------ DATASET SECTION

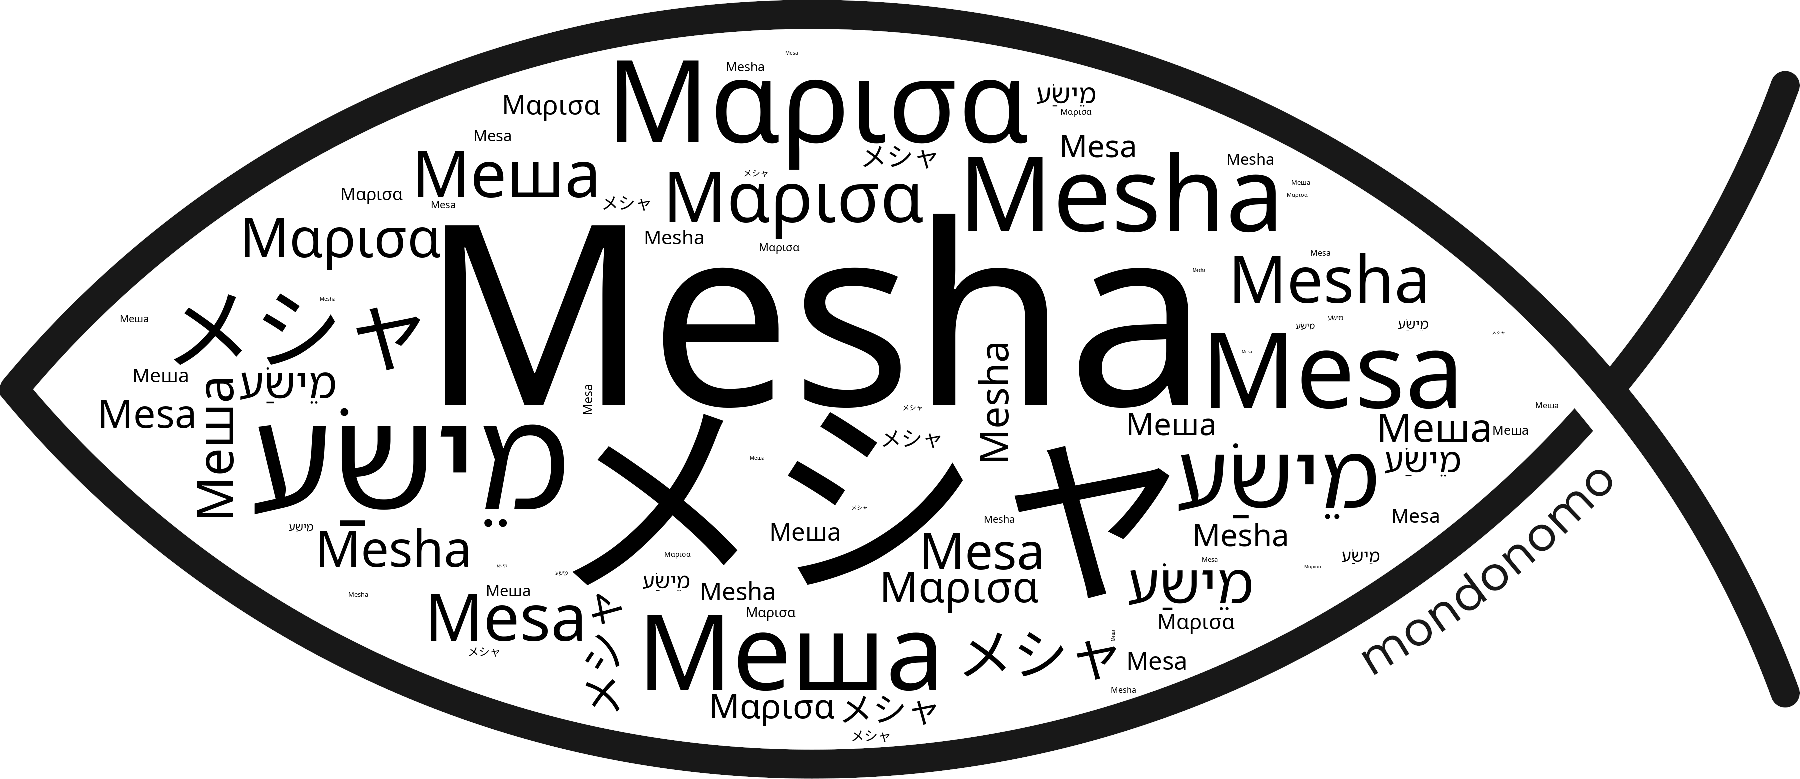 Name Mesha in the world's Bibles
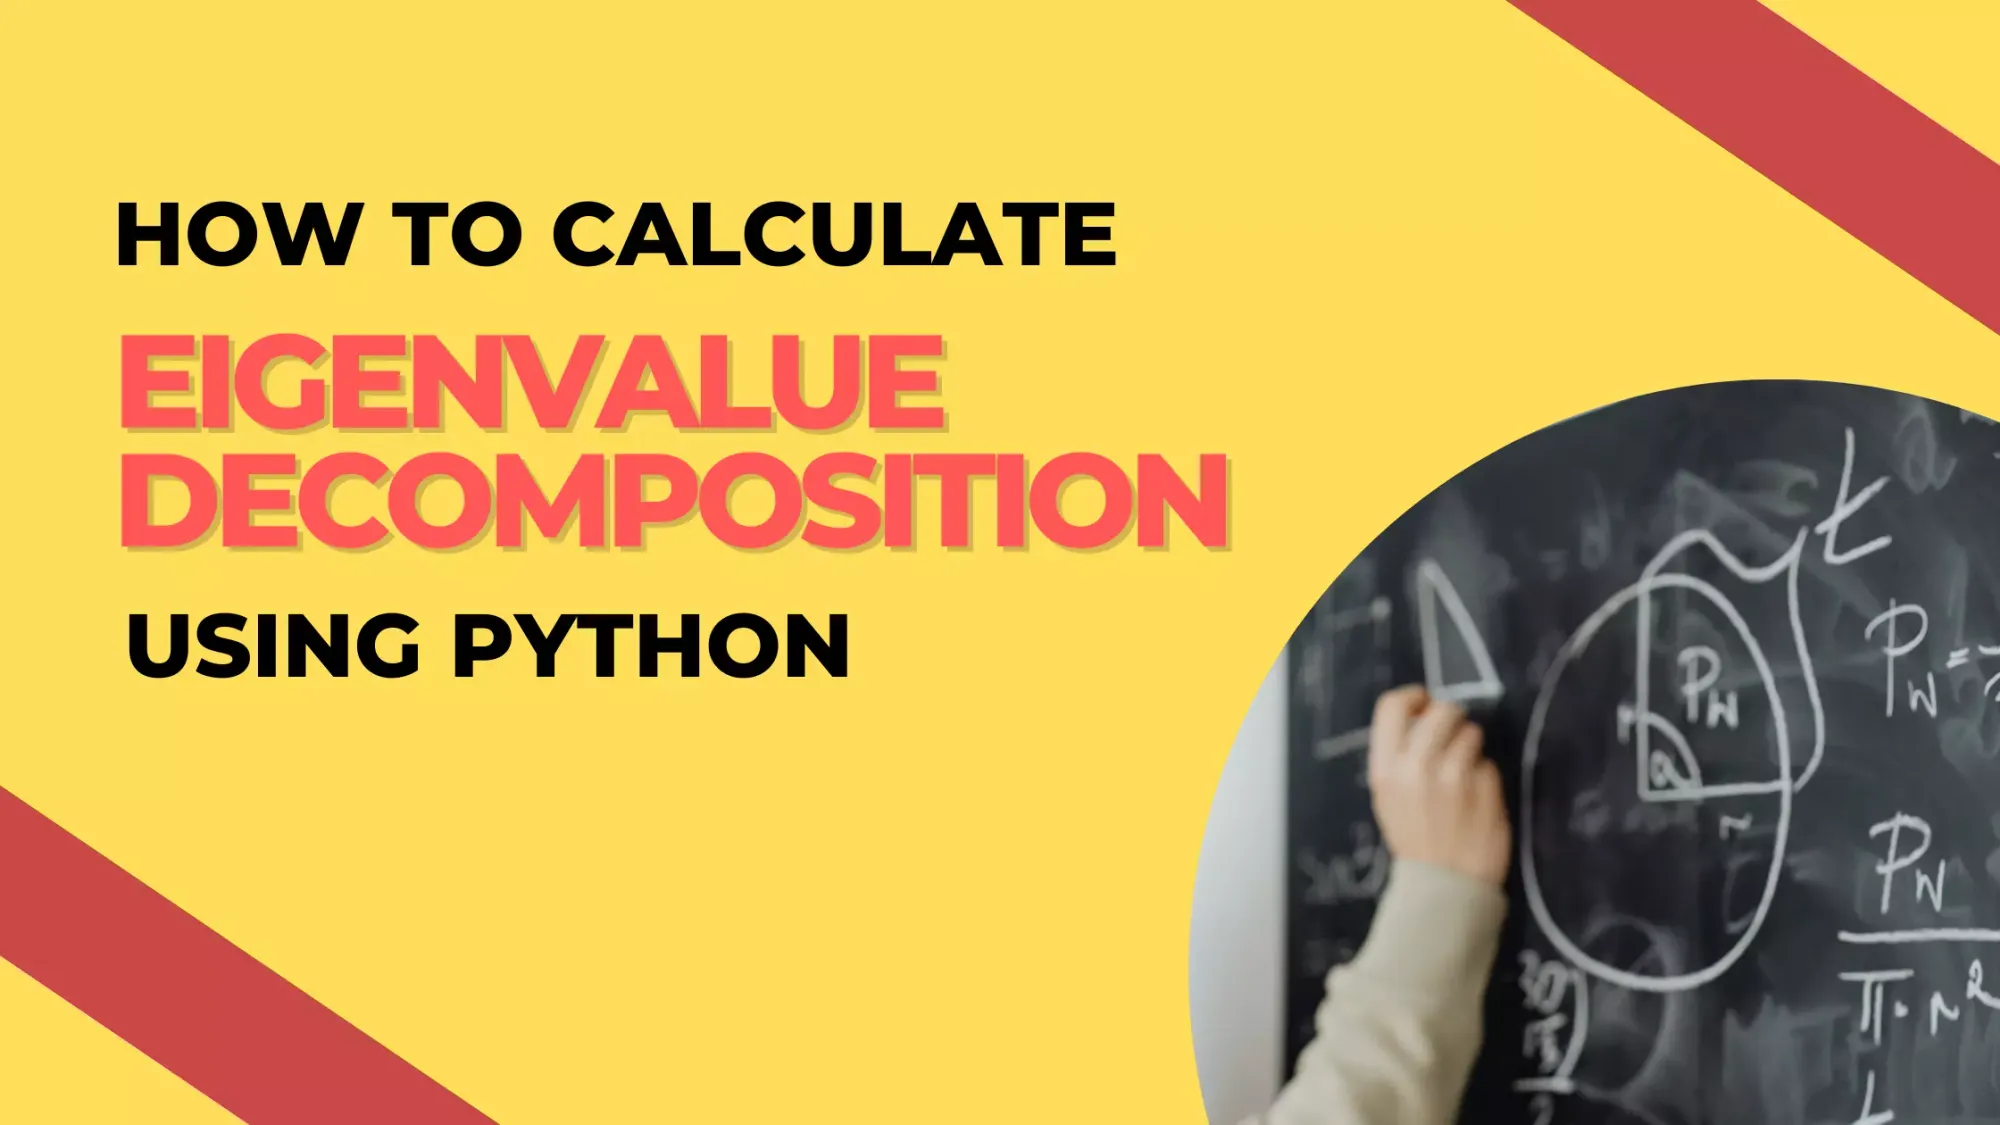 How to Calculate Eigenvalue Decomposition in Python
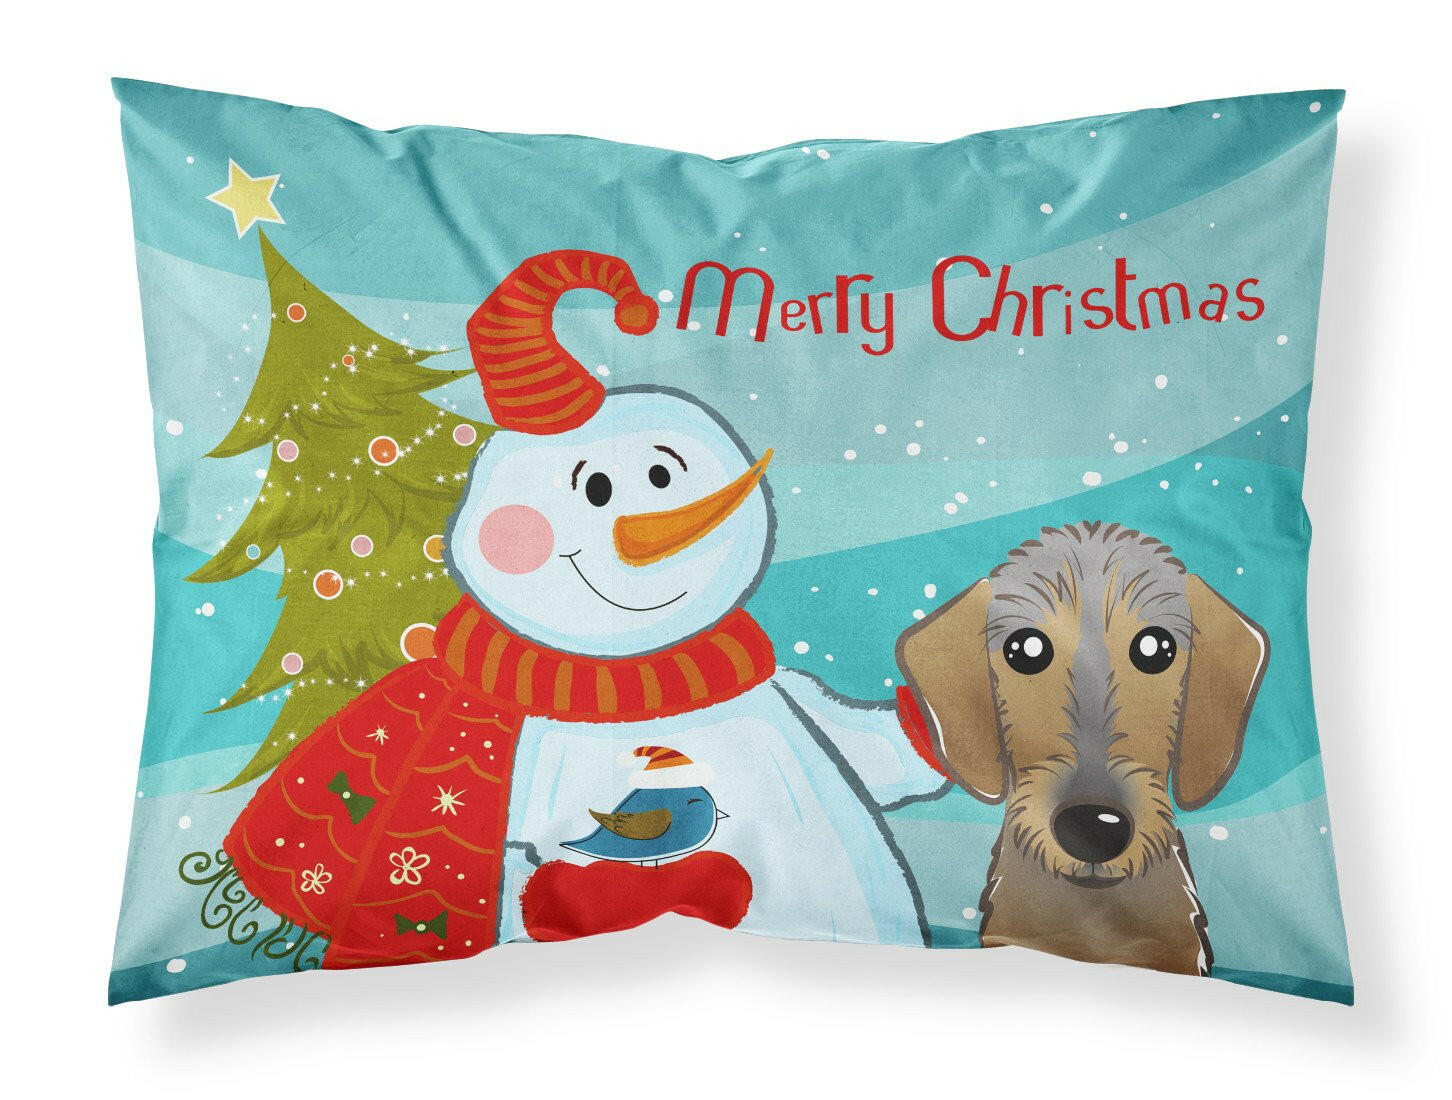 Snowman with Wirehaired Dachshund Fabric Standard Pillowcase BB1853PILLOWCASE by Caroline's Treasures

------------

| YOUR GOAL |
Your answer should set down the listing verbatim and leave out its images.

| WRITTEN REPLY |
 Name Mesha in the world's Bibles
 How to Calculate Eigenvalue Decomposition in Python
 Snowman with Wirehaired Dachshund Fabric Standard Pillowcase BB1853PILLOWCASE by Caroline's Treasures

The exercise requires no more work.